As I mentioned on Tuesday, the second edition of Orient Express offers keepers the chance to play through side scenarios that reflect the events of historical handouts the main characters discover during the course of their investigation. The events in the box happen to coincide with time periods for which Chaosium has established sourcebooks – the Dark Ages, Rome, the Victorian era and the modern day. Yet much of the mystery in Orient express centers on events that occur during the French Revolution. Enter Reign of Terror.
A portion of the book is given over to historical details and adventure seeds you’d expect from a sourcebook, but the real meat is the two-part scenario that plugs into Orient Express.
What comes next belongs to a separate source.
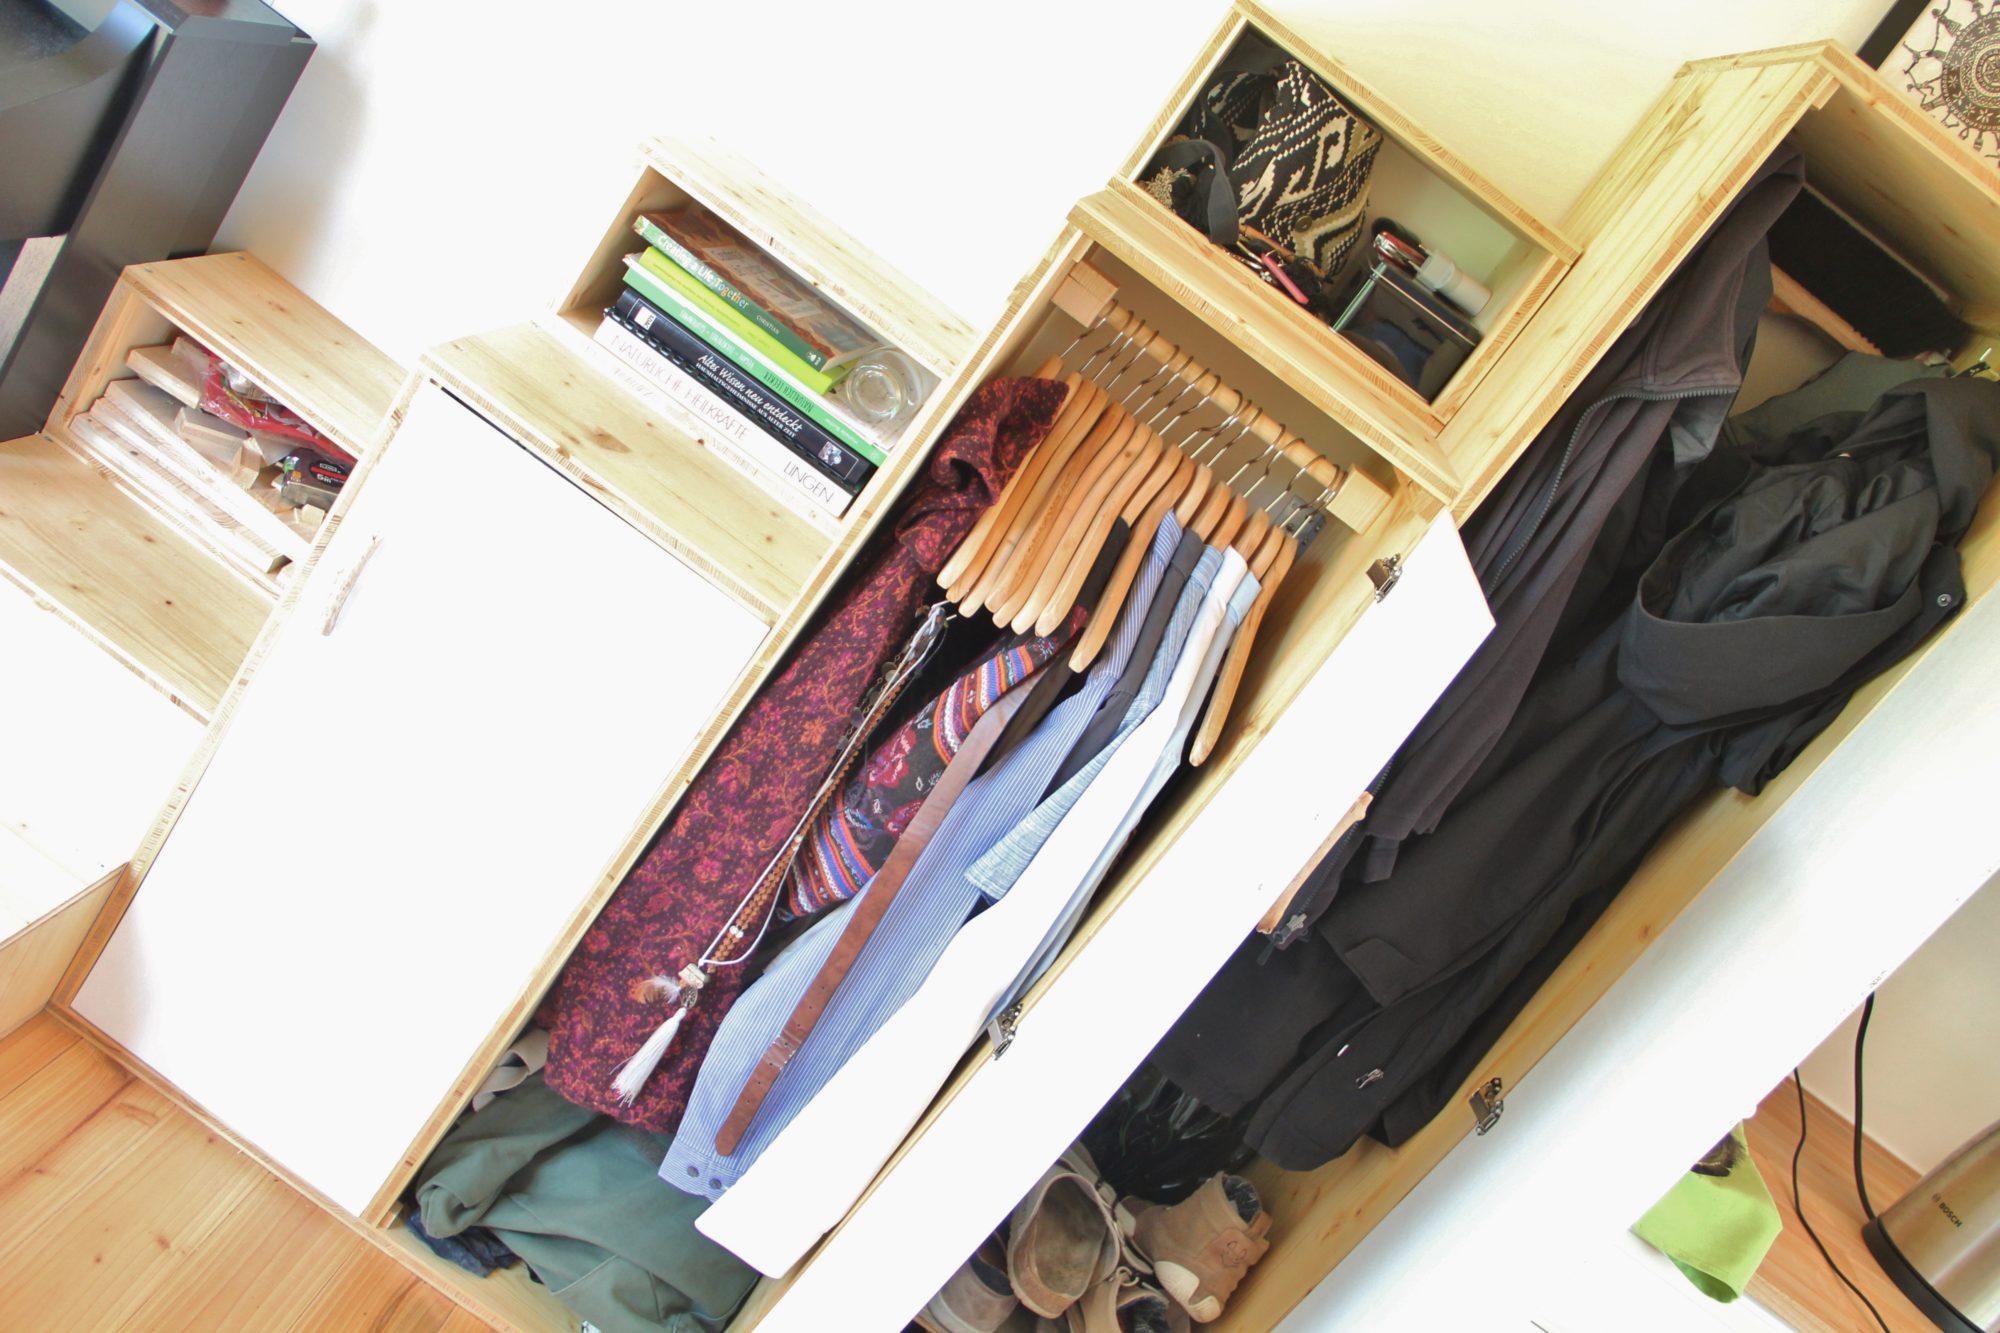 Kleiderschrank im Tiny House – wie viel Platz haben wir für Klamotten?

It amounts to a mini-campaign of its own.
I won’t get into the details, of course, since the book only recently came out. I’ll leave it at this: it is Very Good. So good, in fact, that if this is an indication of the level of quality modern Chaosium is putting into its titles, I’d say we’re on the edge of another Golden Age for the company (so long as the business end keeps it together).
It has a key difference from the historical scenarios in the Orient Express box. Those delve into events that have predetermined endings, reflecting the fact that these are dramatic re-enactments of events the characters in 1923 are reading about in order to discover clues for their decidedly not predetermined mystery on the train. It’s very meta, I know. The downside is that these side scenarios run the risk of feeling railroaded.
Not so with Reign of Terror. The second part of RoT depicts a part of history that is unrecorded in the context of Horror on the Orient Express, meaning the outcome – and the consequences – for both the 18th century and 1923 investigators are entirely up in the air. Plot twist!